Dr. F. A. Filby, who was the Senior Lecturer on Inorganic Chemistry in the UK wrote:

“There is indeed a spiritual law operating in the natural world, and God put us on a planet where light is separated from darkness for our spiritual education as well as for our physical needs. There is a spiritual, as well as a physical reason, for the pattern of creation and he who divorces science from true religion will never be able to come to a real understanding of the world.”

If indeed this is true, then it is evident that the physical heavens and earth are used to illustrate the fundamental difference which exists between human and divine life. God is not man – He is spirit. “Jesus says to the woman at the well, “God is spirit, and his worshippers must worship in the spirit and in truth” John 4:24

He operates quite differently from man, but it is his intention that man should share His life, and live as He lives. Obviously, then, we must learn a wholly different way of living. That is the supreme subject of the Bible: how to live on a different level of life -- the level on which God intended man to live and that’s on a spiritual level as well as a physical level.

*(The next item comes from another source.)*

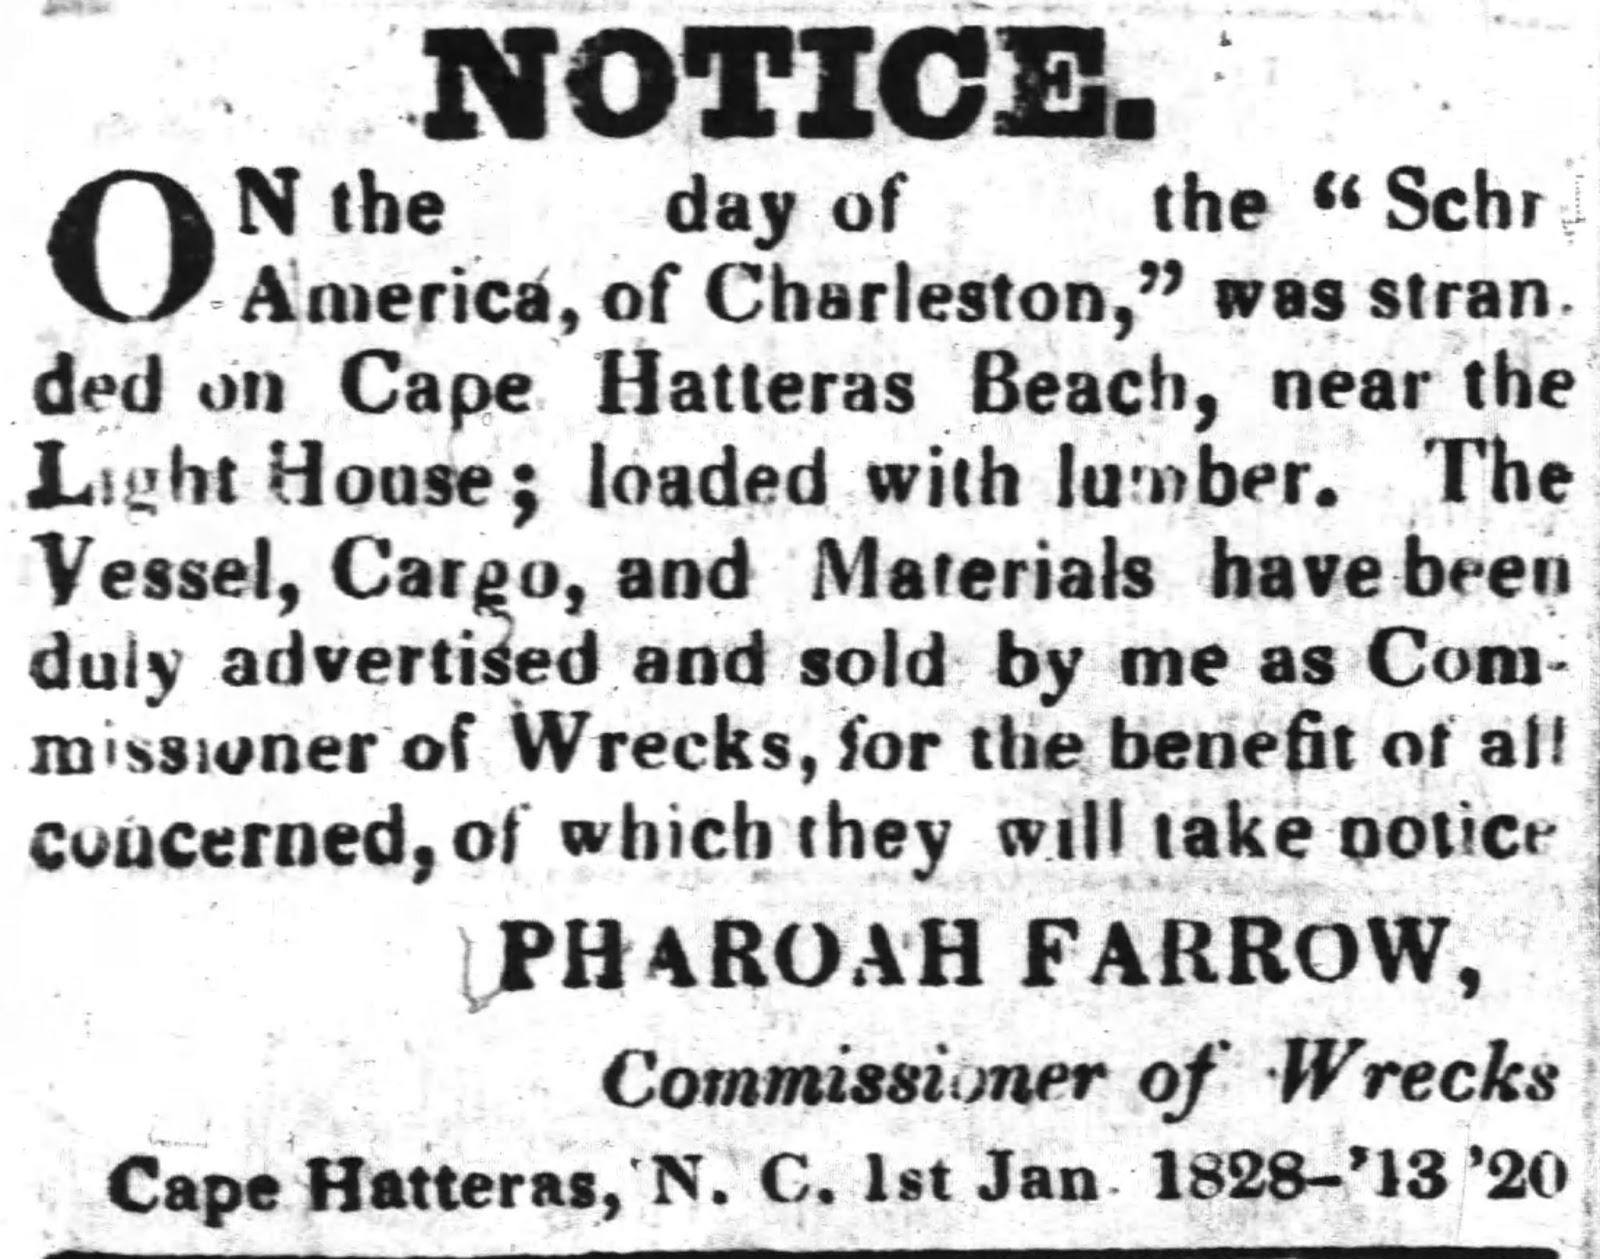 North carolina shipwrecks april 2012 schooner america 1828 nvjuhfo Image collections

God gave man dominion over fish, birds, cattle, wild animals and creeping things but not over man. Genesis 1 Vs 26

God said, “Let us make man in our own image",

God has no image because He is not physical. He transcends the physical universe because He created it. Therefore, He is free, unconstrained by the laws of matter. That is what God means when He tells Moses that His name is “I will be what I will be” (Ex. 3:14), and later when, after the sin of the Golden Calf, He tells him, “I will have mercy on whom I will have mercy.” He is Sovereign: He is Almighty God: God is free, and by making us in His image, He gave us also the power to be free.

This, as the Torah makes clear, was God’s most fateful gift. Given freedom, humans misuse it. Adam and Eve disobey God’s command. Cain murders Abel. By the end of this week’s Torah portion we find ourselves in the world about to be destroyed by the Flood, for it is filled with violence to the point where God regretted that He had ever created humanity. Will we use our freedom to respect order or misuse it to create chaos? Will we honour or dishonour the image of God that lives within the human heart and mind?

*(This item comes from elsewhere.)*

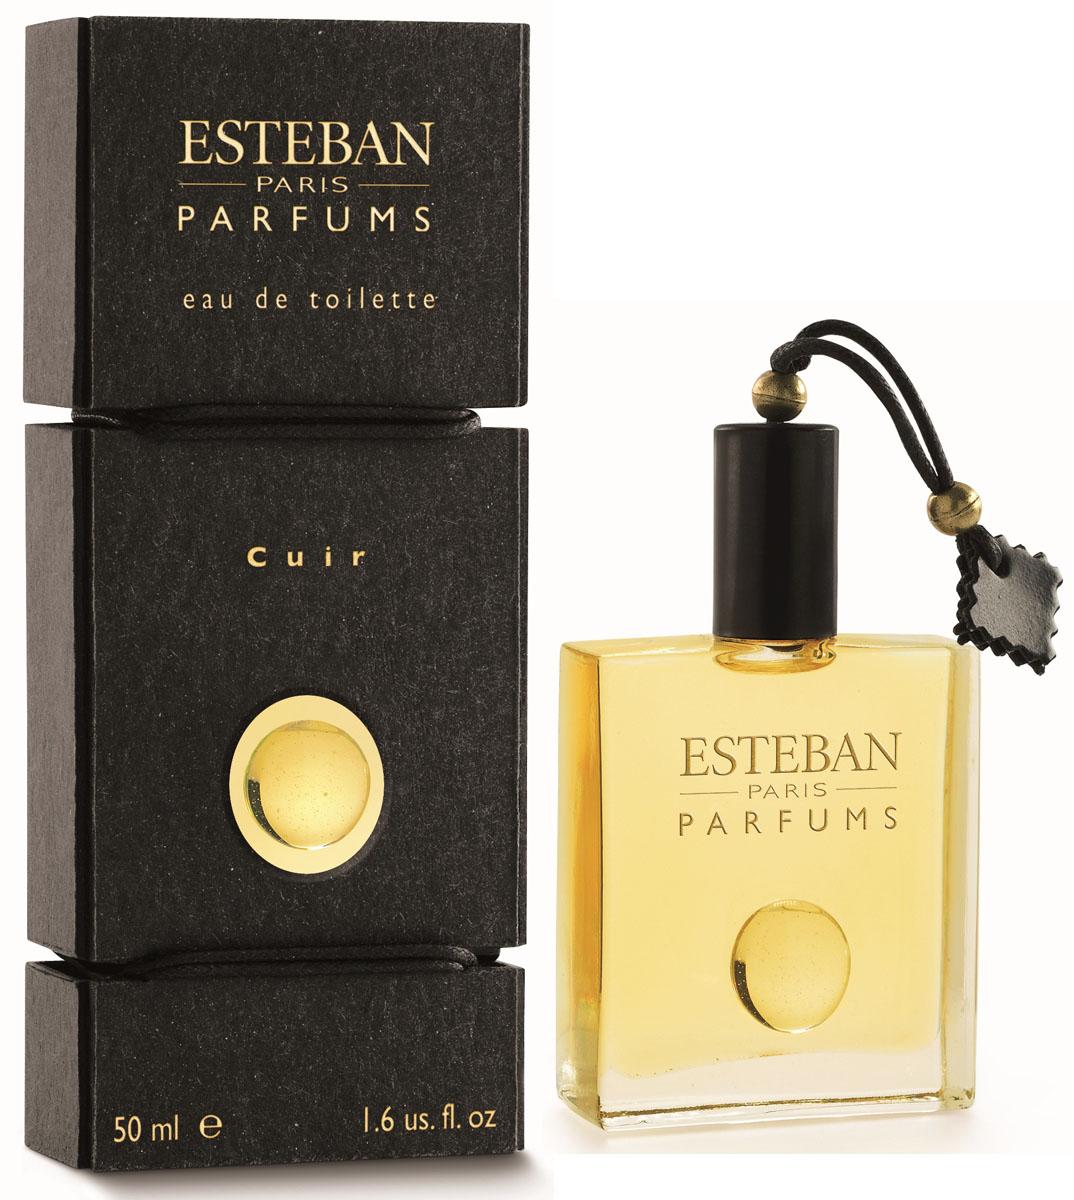 Esteban Collection Les Matieres Туалетная вода Cuir 50 млCPA-049

These are not only ancient questions. They are as alive today as ever they were in the past. The question raised by serious thinkers is whether justice, human rights, and the unconditional dignity of the human person are capable of surviving on secular grounds alone. Our Western concept of justice rests on the belief that

“all of us have great and equal worth: the worth of being made in the image of God and of being loved redemptively by God.” Wrote Nicolas Woltersdorff, [2]

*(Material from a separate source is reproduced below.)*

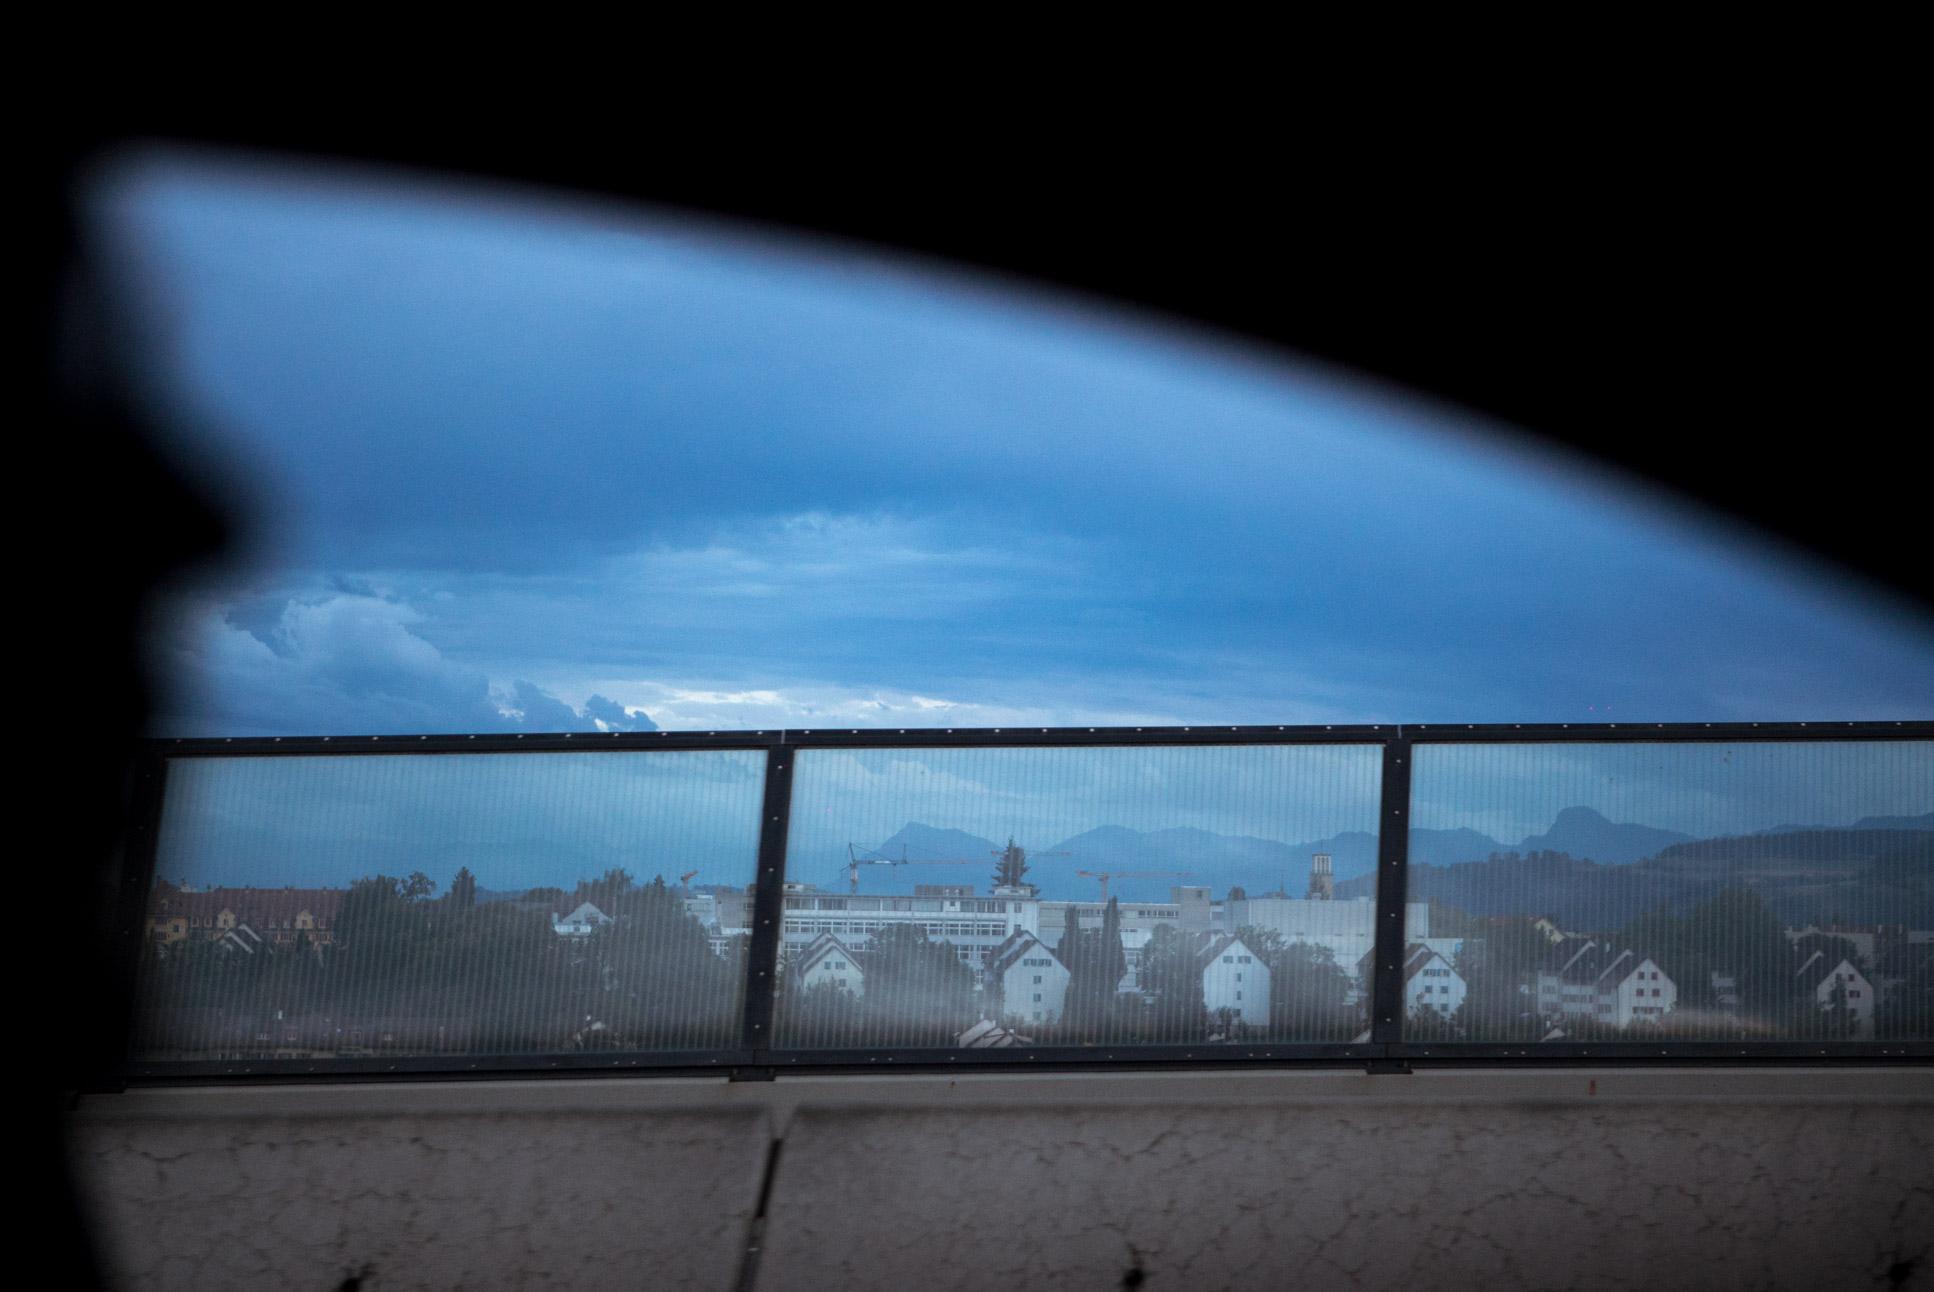 Felsenauviadukt in Bern

That is surely what John F. Kennedy meant in his Inaugural Address when he spoke of the “revolutionary beliefs for which our forebears fought,” that “the rights of man come not from the generosity of the state, but from the hand of God.”[3]

Momentous ideas made the West what it is, ideas like human rights, the abolition of slavery, the equal worth of all, and justice based on the principle that right is sovereign over might.[4] All of these ultimately derived from the statement in the first chapter of the Torah that we are made in God’s image and likeness. No other text has had a greater influence on moral thought, nor has any other civilisation ever held a higher vision of what we are called on to be.

It is a fundamental assault on human dignity that a man with power and authority makes someone do something against their will. This is a timely word for Nations operating under tyranny and injustice.

Shabbat shalom

Miriam Wakefield

Torah Portion Genesis 1-6:8

Notes from Hebrew4Christians

Notes from Ray Stedman on Genesis 1

[2] Nicholas Woltersdorff, Justice: Rights and Wrongs (Princeton, NJ: Princeton University Press, 2008), 393.

[3] John F. Kennedy’s Inaugural Address, Washington, DC, 20 January 1961.